October 23, 2013
The People of the State of New York, respondent,
Darren Elie, appellant. Ind. No. 9390/09
Lynn W. L. Fahey, New York, N.Y. (Casey Rose Scott of counsel), for appellant.
Charles J. Hynes, District Attorney, Brooklyn, N.Y. (Leonard Joblove, Thomas M. Ross, and Andres Palacio of counsel), for respondent.
RANDALL T. ENG, P.J., RUTH C. BALKIN, PLUMMER E. LOTT, SHERI S. ROMAN, JJ.
DECISION & ORDER
Appeal by the defendant from a judgment of the Supreme Court, Kings County (Gary, J.), rendered June 8, 2011, convicting him of assault in the second degree, assault in the third degree, and petit larceny, upon a jury verdict, and imposing sentence.
ORDERED that the judgment is affirmed.
The defendant was charged with various crimes arising out of two incidents that occurred in September 2009 in the Windsor Terrace section of Brooklyn. With respect to the first incident, which resulted in the defendant's conviction of assault in the third degree, the defendant contends that the evidence was not legally sufficient to establish that the complainant suffered "physical injury" (Penal Law §§ 10.00; 120.00). This contention is unpreserved for appellate review (see CPL 470.05) and, in any event, without merit. Viewing the evidence in the light most favorable to the prosecution, we find that it was legally sufficient to establish the defendant's guilt beyond a reasonable doubt with respect to the conviction of assault in the third degree, as the People presented sufficient evidence showing that the victim suffered substantial pain, which is defined in the Penal Law as meaning "physical injury" (Penal Law §§ 10.00; 120.00; see People v Chiddick, 8 N.Y.3d 445, 447-448; People v Contes, 60 N.Y.2d 620, 621; People v Monserrate, 90 A.D.3d 785, 787-788). Moreover, in fulfilling our responsibility to conduct an independent review of the weight of the evidence (see CPL 470.15; People v Danielson, 9 N.Y.3d 342), we nevertheless accord great deference to the jury's opportunity to view the witnesses, hear the testimony, and observe demeanor (see People v Mateo, 2 N.Y.3d 383, 410, cert denied 542 U.S. 946; People v Bleakley, 69 N.Y.2d 490, 495). Upon reviewing the record here, we are satisfied that the verdict of guilt of assault in the third degree was not against the weight of the evidence (see People v Romero, 7 N.Y.3d 633; People v Monserrate, 90 A.D.3d at 788).

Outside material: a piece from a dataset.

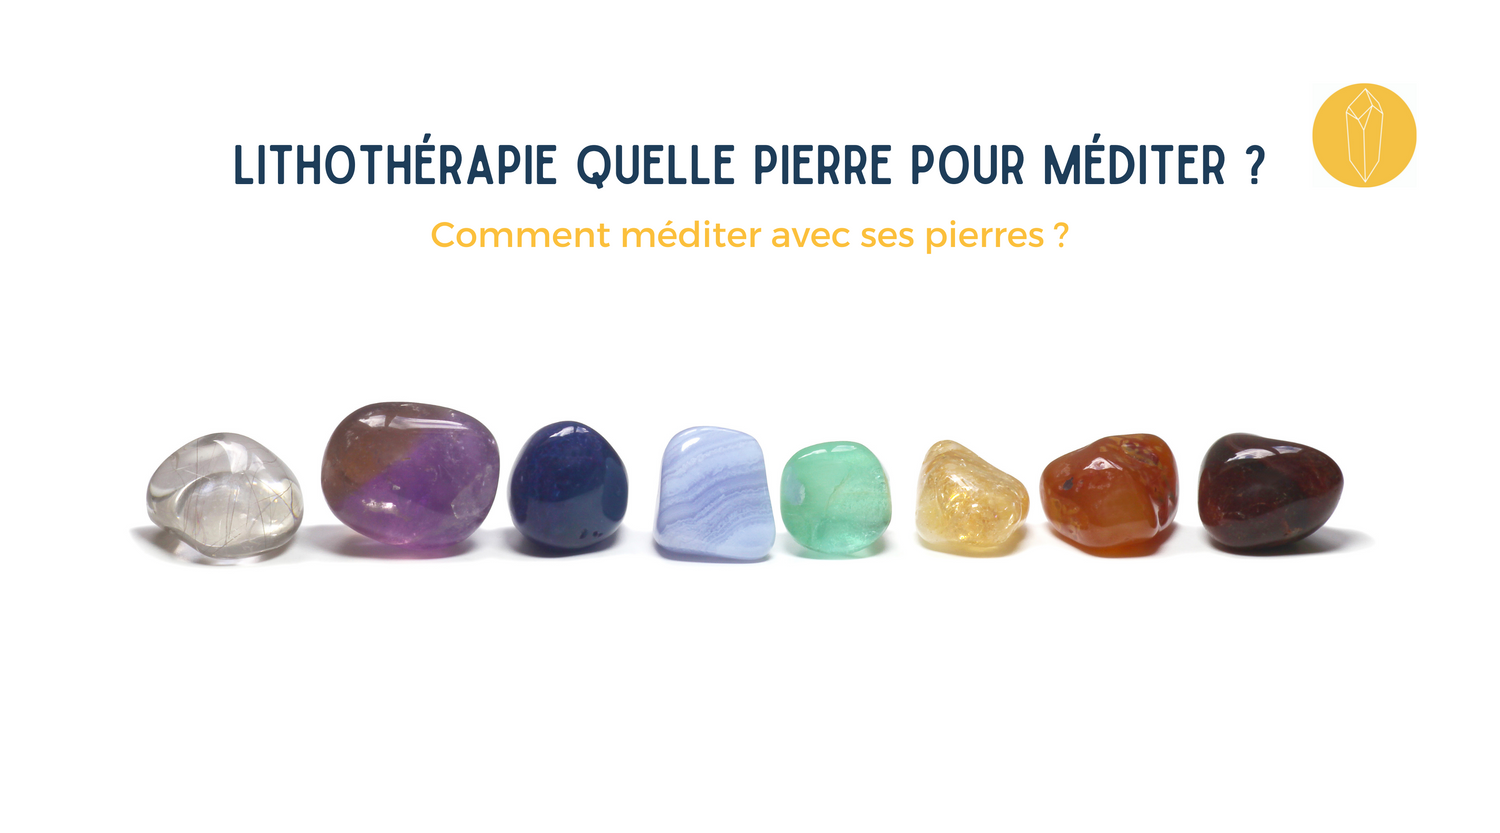 Pierre de méditation : quelle pierre choisir pour méditer et comment l’utiliser ?

With respect to the second incident, which resulted in the defendant's conviction, inter alia, of assault in second degree, the defendant contends that the evidence was not legally sufficient to prove that he intended to cause the complainant physical injury and caused that injury by means of a knife. Viewing the evidence in the light most favorable to the prosecution, we find that it was legally sufficient to establish the defendant's guilt beyond a reasonable doubt with respect to the conviction of assault in the second degree (see People v Contes, 60 N.Y.2d at 621). Moreover, we are satisfied that the verdict of guilt of assault in the second degree was not against the weight of the evidence (see People v Romero, 7 N.Y.3d 633). The testimony as to the circumstances surrounding the second incident established the defendant's motive and intent to injure the complainant. Moreover, the testimony as to the incident itself demonstrated the defendant's central role in, and control of, the attack on the complainant. Additionally, the testimony supported the conclusion that the injury to the complainant's face occurred early in the incident, when the defendant himself struck the complainant. Finally, although no one saw the weapon, the medical records and the photographs of the complainant's face and arm, which were admitted into evidence, permitted the inference that the complainant's injuries were caused by a knife.
The defendant's contention that the Supreme Court improperly allowed the People to amend the indictment is without merit (see CPL 200.70 ). First, the amendment did not change the People's theory of the case (see People v Spann, 56 N.Y.2d 469, 473-474; People v Petterson, 103 A.D.2d 811, 812; cf. People v Gachelin, 237 A.D.2d 300, 301-302; People v Powell, 153 A.D.2d 54, 57-58). Moreover, the defendant has not shown that he was prejudiced by the amendment (see People v Lyons, 60 A.D.3d 869, 870; People v Hood, 194 A.D.2d 556, 557; People v Petterson, 103 A.D.2d at 812).
ENG, P.J., BALKIN, LOTT and ROMAN, JJ., concur.